(TASK BRIEF)
From the material below, set down exactly the lines that run from the one containing "Renelle Off Shoulder" to the one containing "Ткань новогодняя хлопковая, крупные", minus the pictures.

(DATA FOR THIS TASK)
========

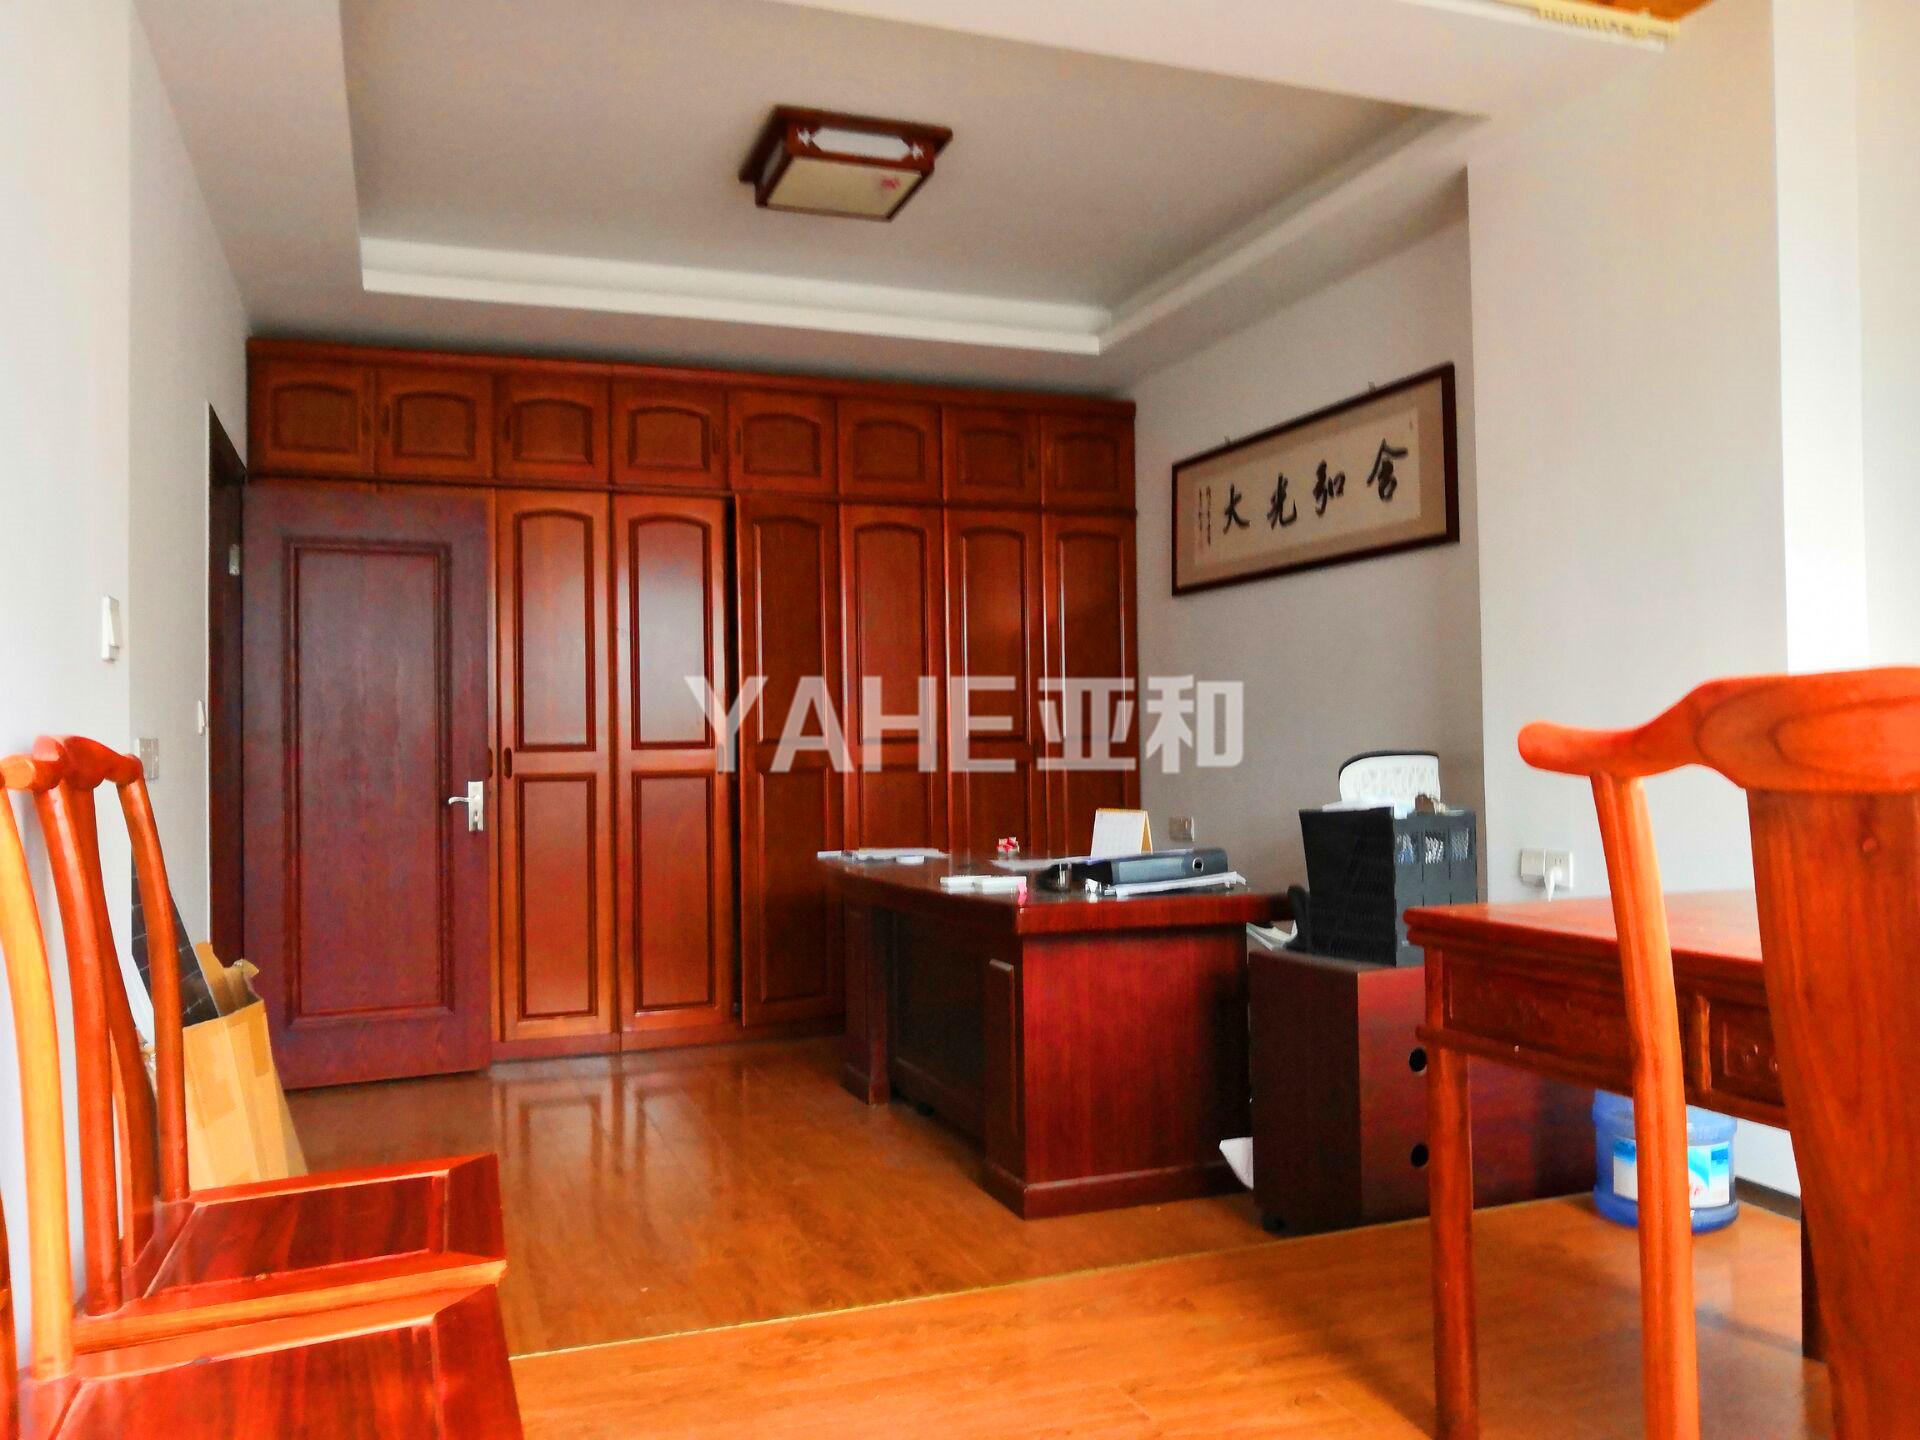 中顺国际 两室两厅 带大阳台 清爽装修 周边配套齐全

========

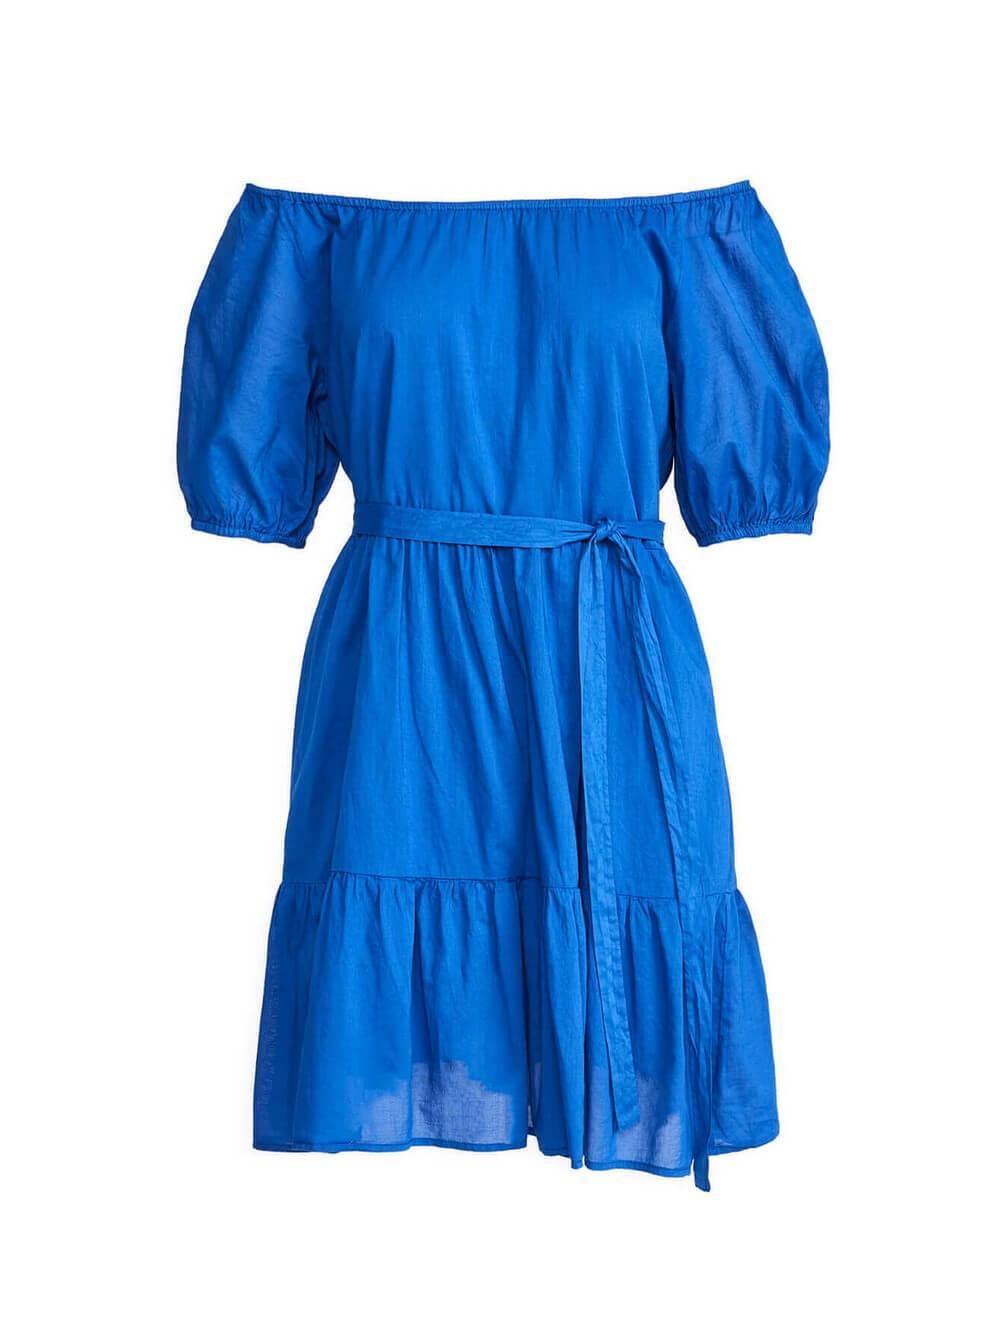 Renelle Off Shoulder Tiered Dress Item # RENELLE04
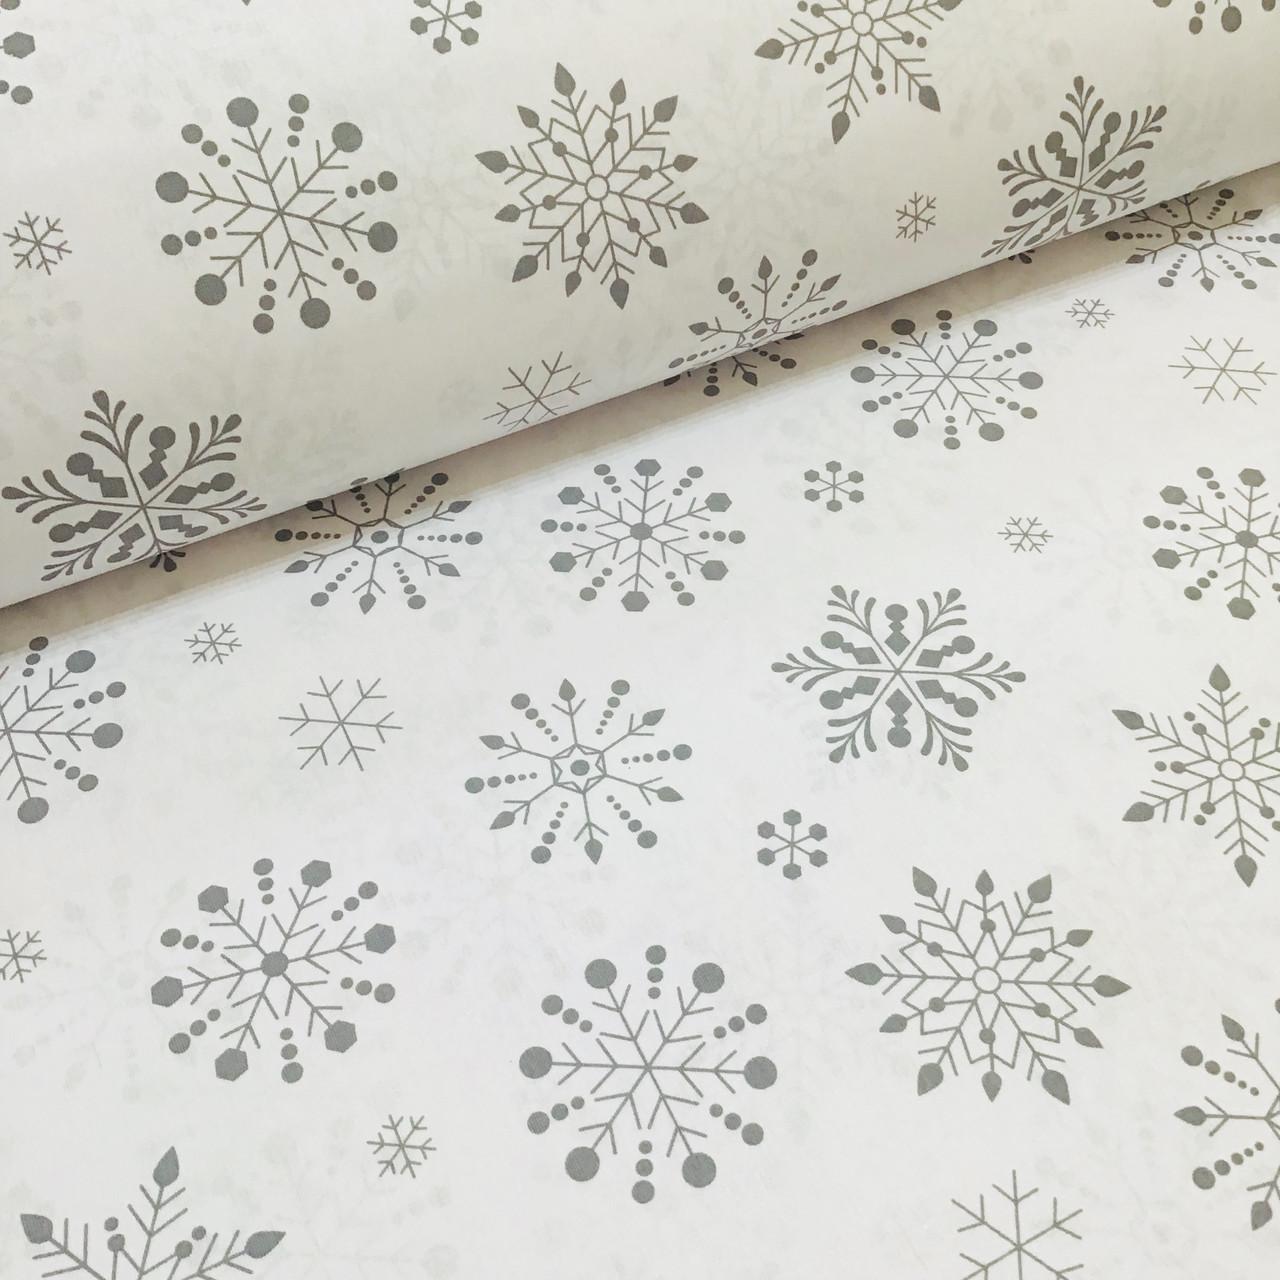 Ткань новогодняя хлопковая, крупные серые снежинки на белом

========

(SOLUTION)
 Renelle Off Shoulder Tiered Dress Item # RENELLE04
 Ткань новогодняя хлопковая, крупные серые снежинки на белом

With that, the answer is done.